Each line of data below is to be returned exactly, leaving out any picture.

** Opening Dataset excerpt block **

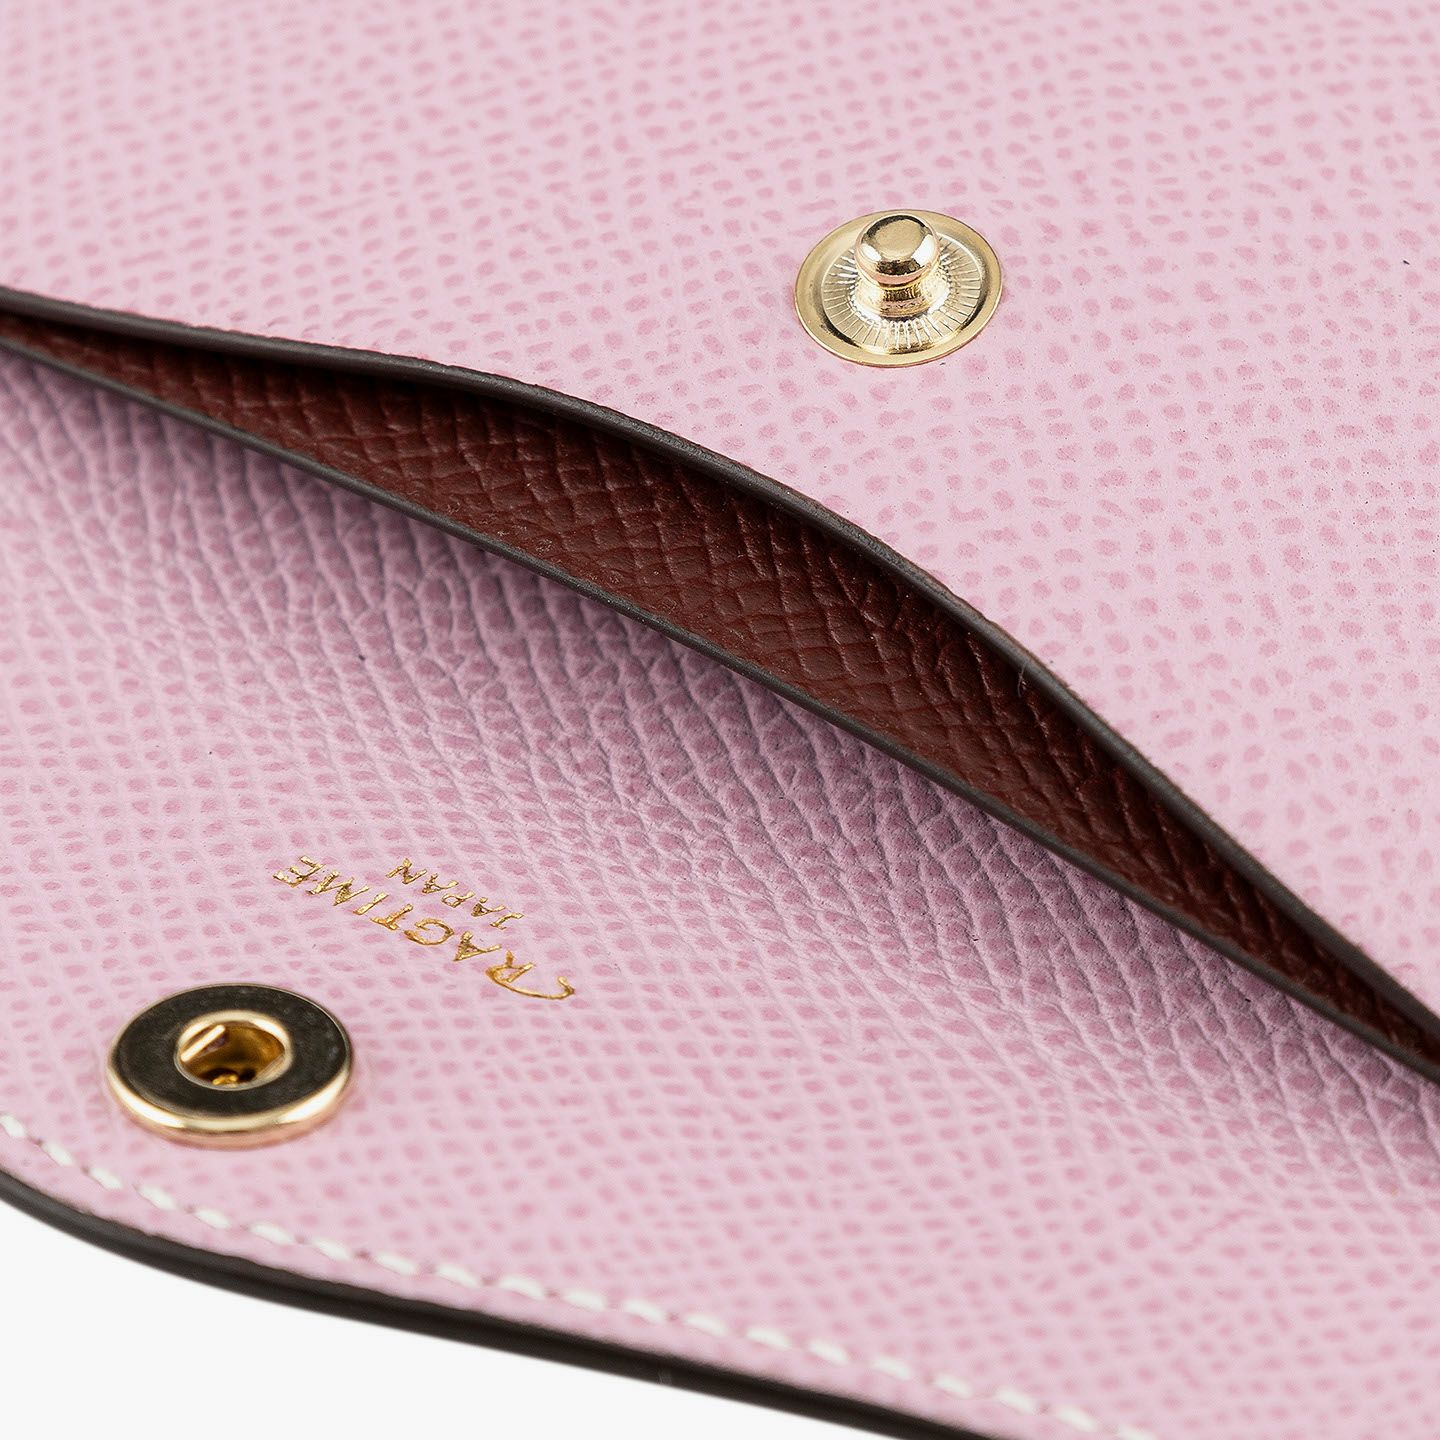 外装（ダービー）：Mauve Pink、内装装飾（ダービー）：Rouge Brique、糸色：White 、金具 & ロゴ箔押し：Gold
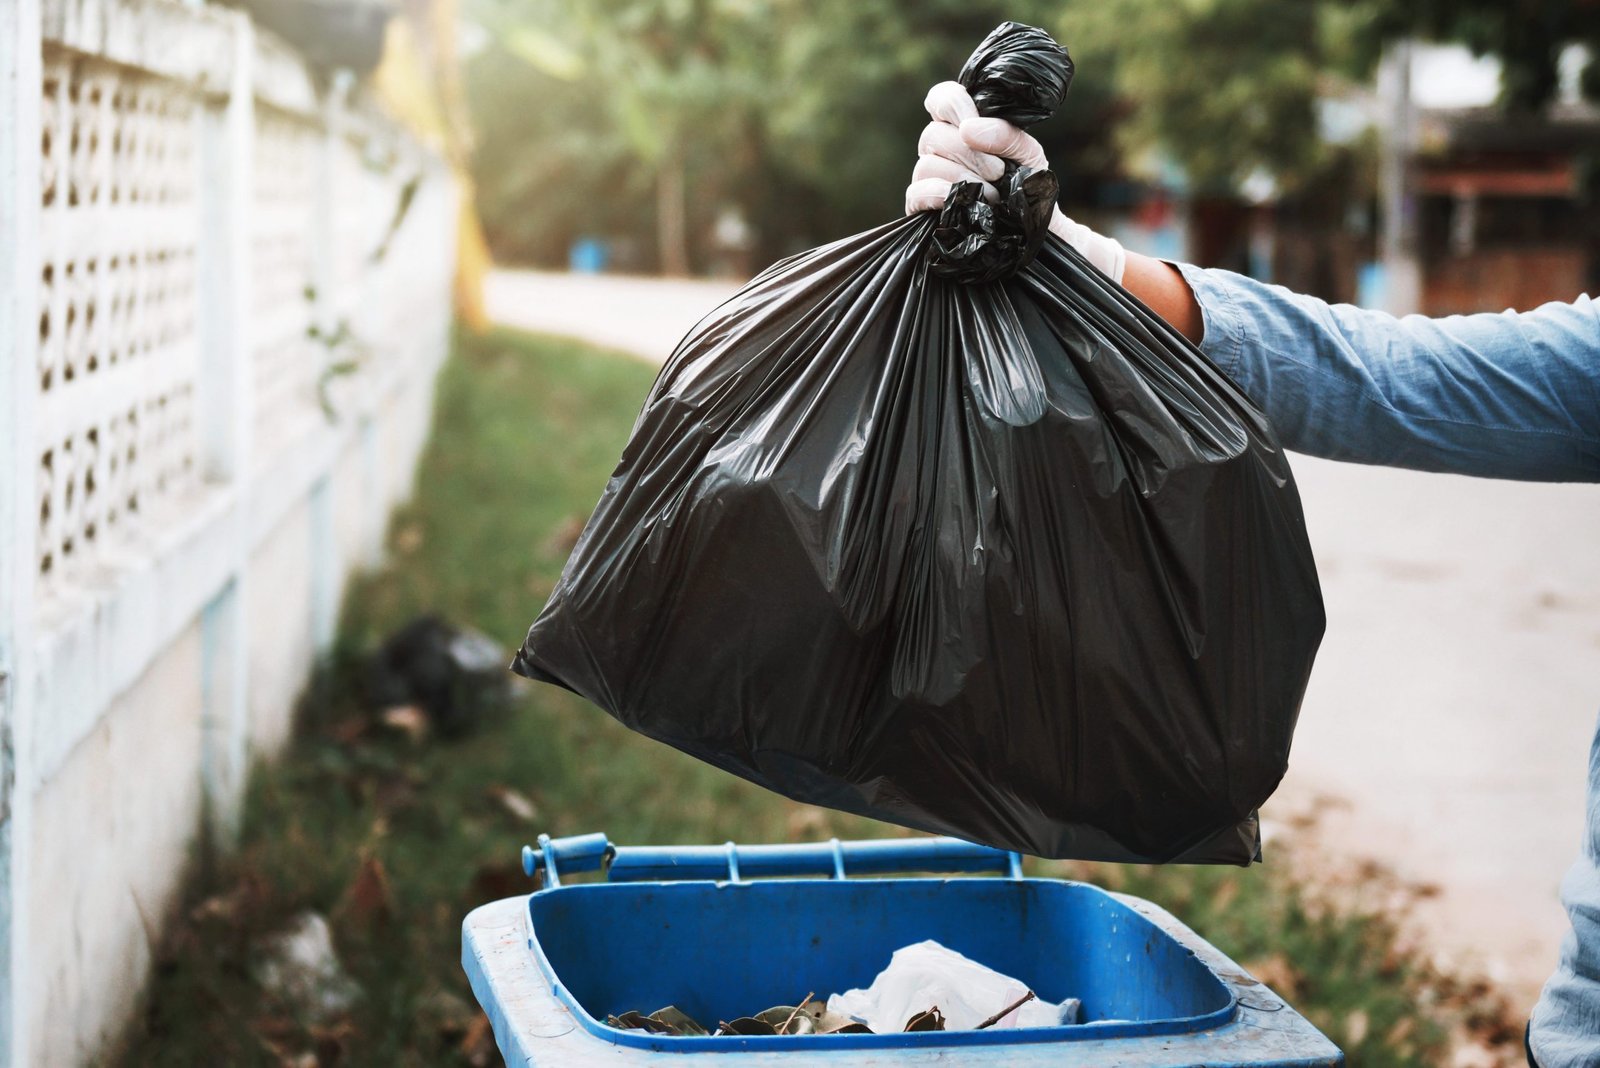 Rubbish| Trash | Garbage Removal Services In Dubai
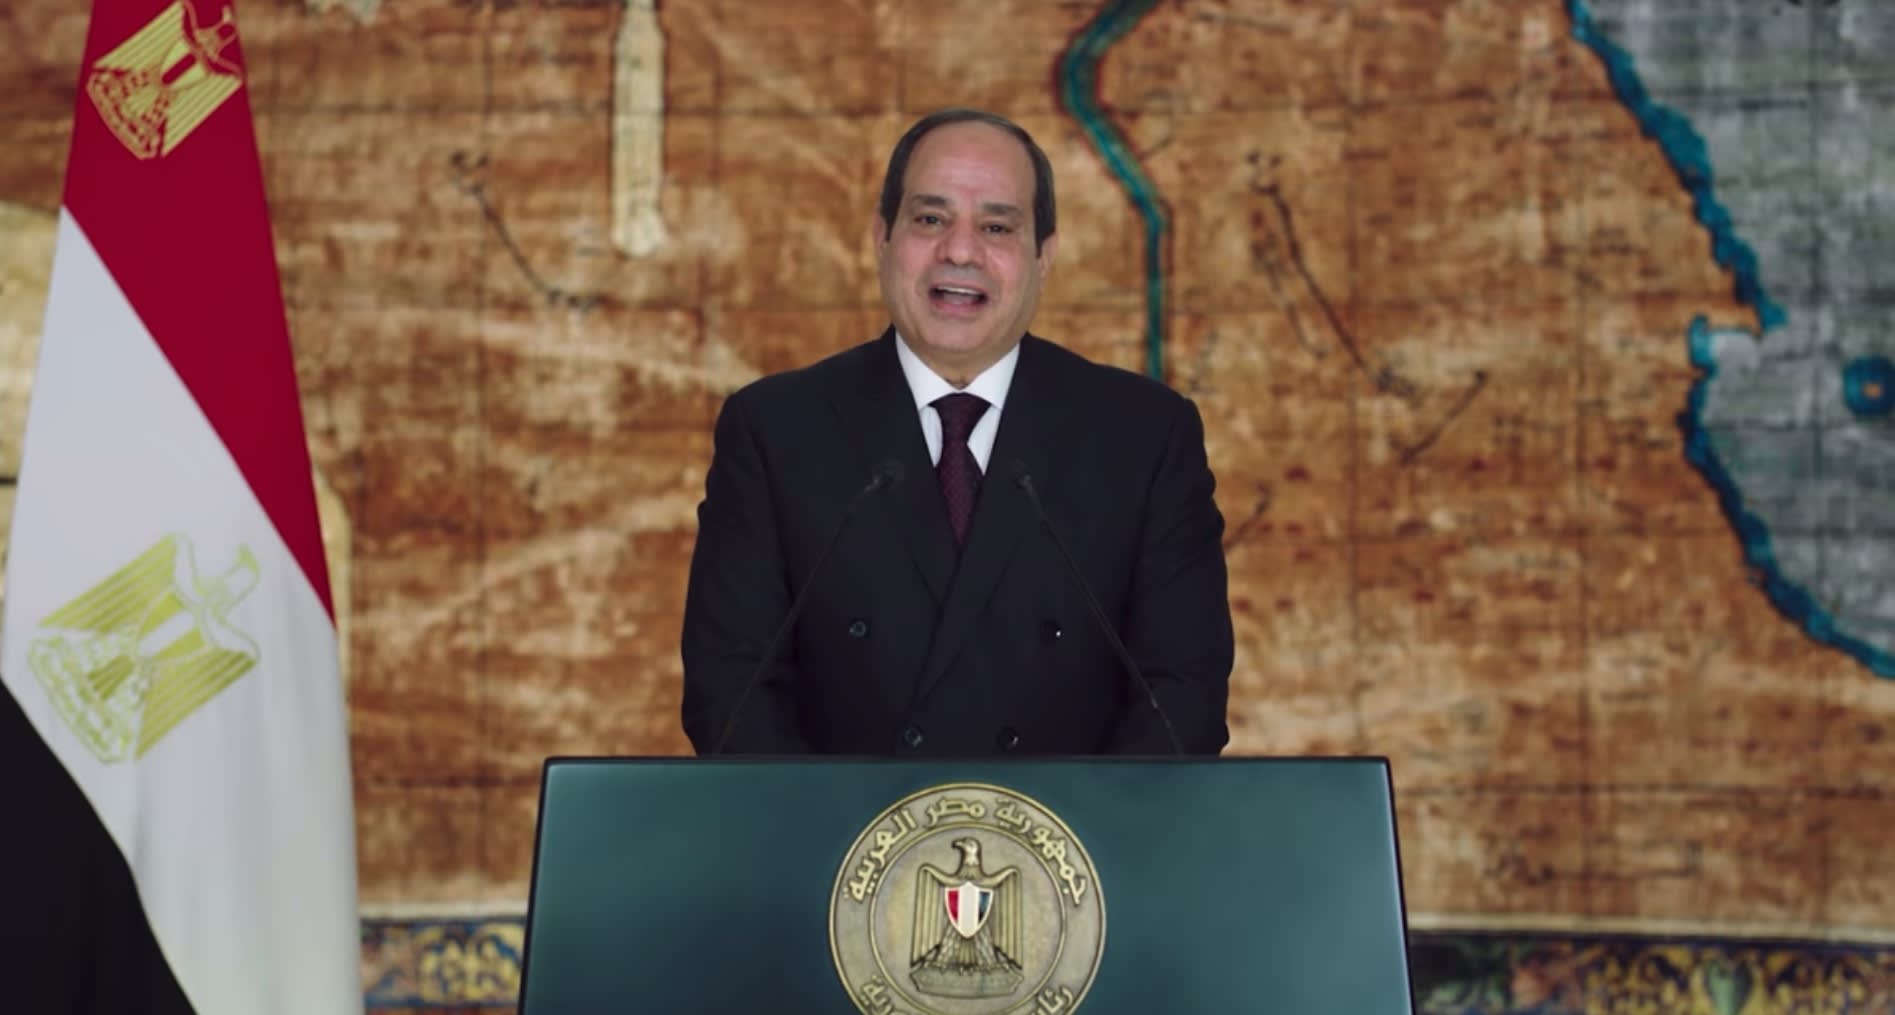  الرئيس المصري، عبدالفتاح السيسي

** Closing Dataset excerpt block **

Exercise response:
 外装（ダービー）：Mauve Pink、内装装飾（ダービー）：Rouge Brique、糸色：White 、金具 & ロゴ箔押し：Gold
 Rubbish| Trash | Garbage Removal Services In Dubai
  الرئيس المصري، عبدالفتاح السيسي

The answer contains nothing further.